Advantages of This Solution

  1. Stable and reliable: Without the state cycle, Terraform’s behavior becomes predictable.

  2. Maintains flexibility: Can still control whether to enable enhanced scanning through variables.

  3. Cost control: Avoid unnecessary costs by precisely specifying repositories that need enhanced scanning.

  4. No need to worry about Inspector state: Let AWS manage Inspector’s creation and destruction on its own, no longer trying to intervene in this process.

Practical Results

After implementing this solution, I found Terraform’s behavior became extremely stable.

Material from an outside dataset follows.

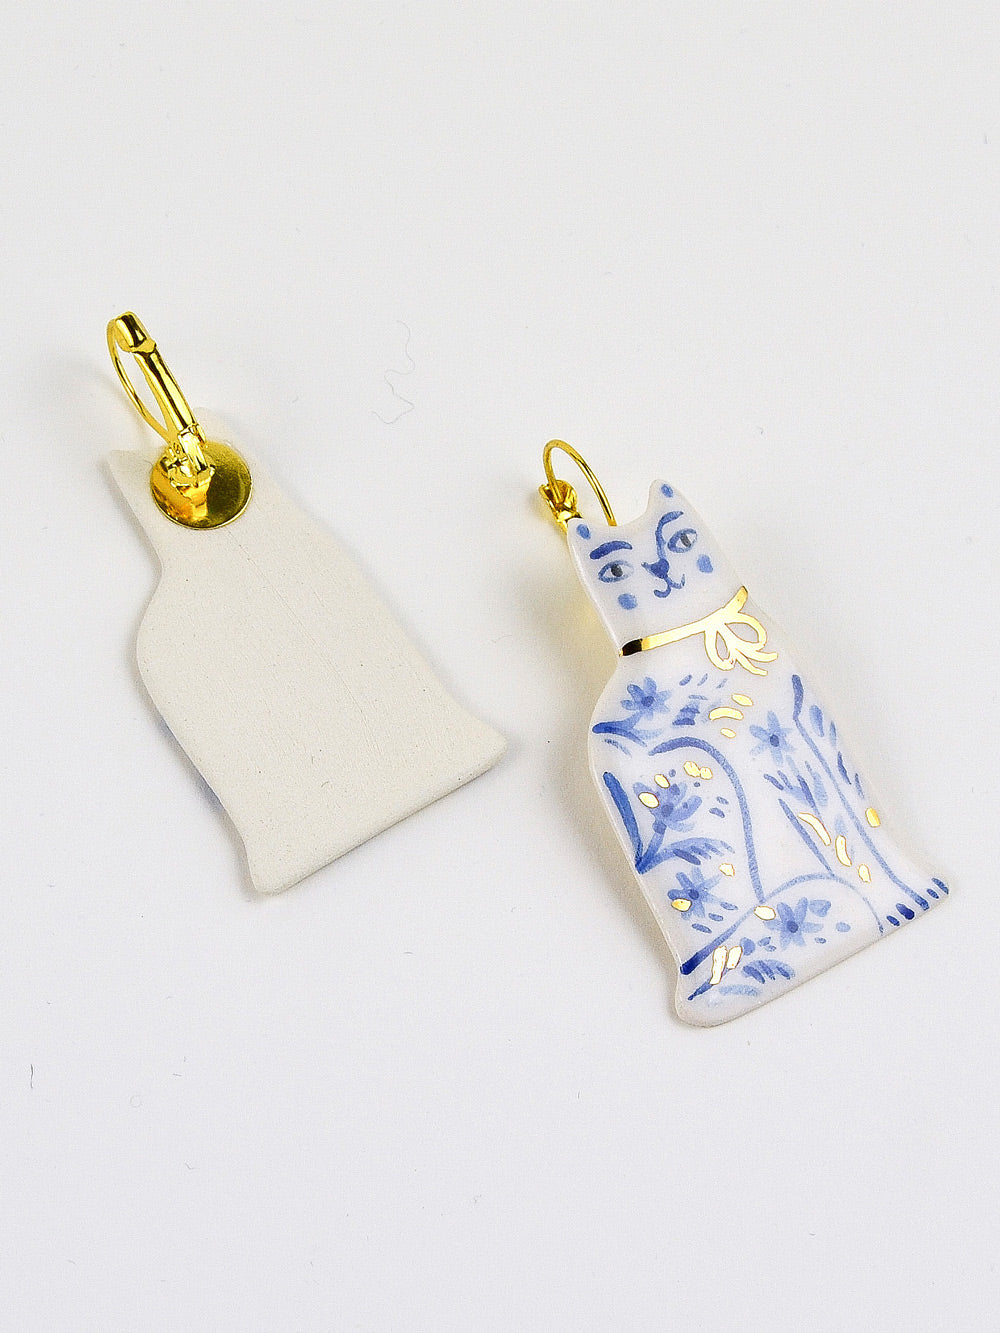 Ceramic Handpainted Cat Earrings with Flowers - Gold/Blue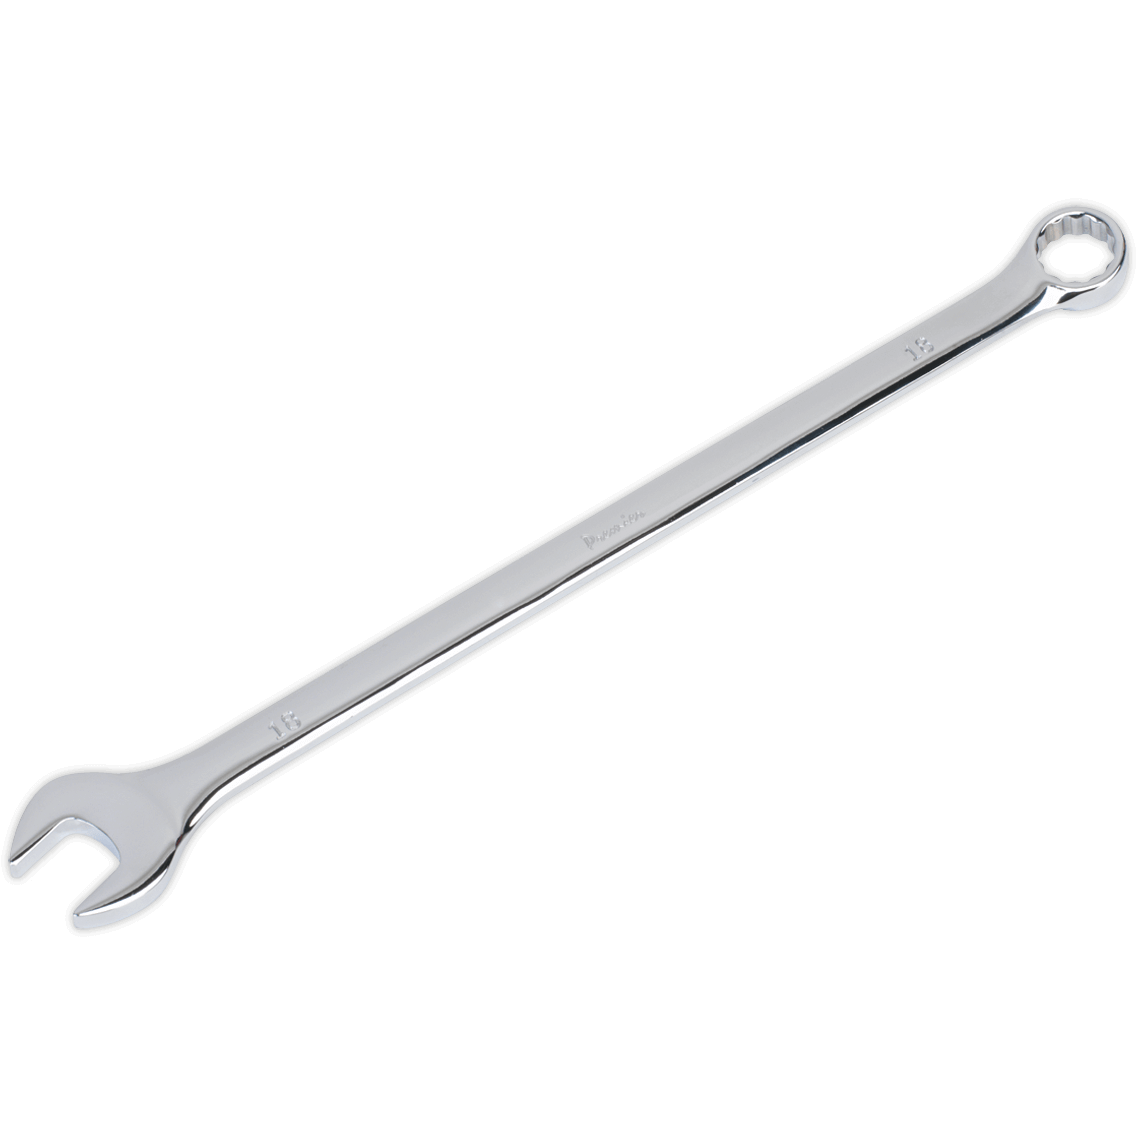 Photos - Wrench Sealey Extra Long Combination Spanner Metric 18mm AK631018

No matter how many times apply is run, the state remains consistent, with no strange cycles or drift.

When I set enable_enhanced_scanning to false, the scan type becomes BASIC, and AWS automatically disables Inspector (because there’s no need for it). When I set it to true, AWS automatically creates Inspector and starts enhanced scanning on the specified repositories.

This approach perfectly aligns with AWS’s internal logic, no longer trying to fight AWS’s automatic behavior, but going with it and letting the system run naturally.

6. Summary

This discovery made me realize that there may be many implicit associations and automatic behaviors between AWS services that we don’t understand. These “behind-the-scenes behaviors” aren’t necessarily clearly documented, but they greatly affect our infrastructure management. Especially when using IaC tools like Terraform, these implicit dependencies can cause state inconsistencies, cyclic changes, and other issues.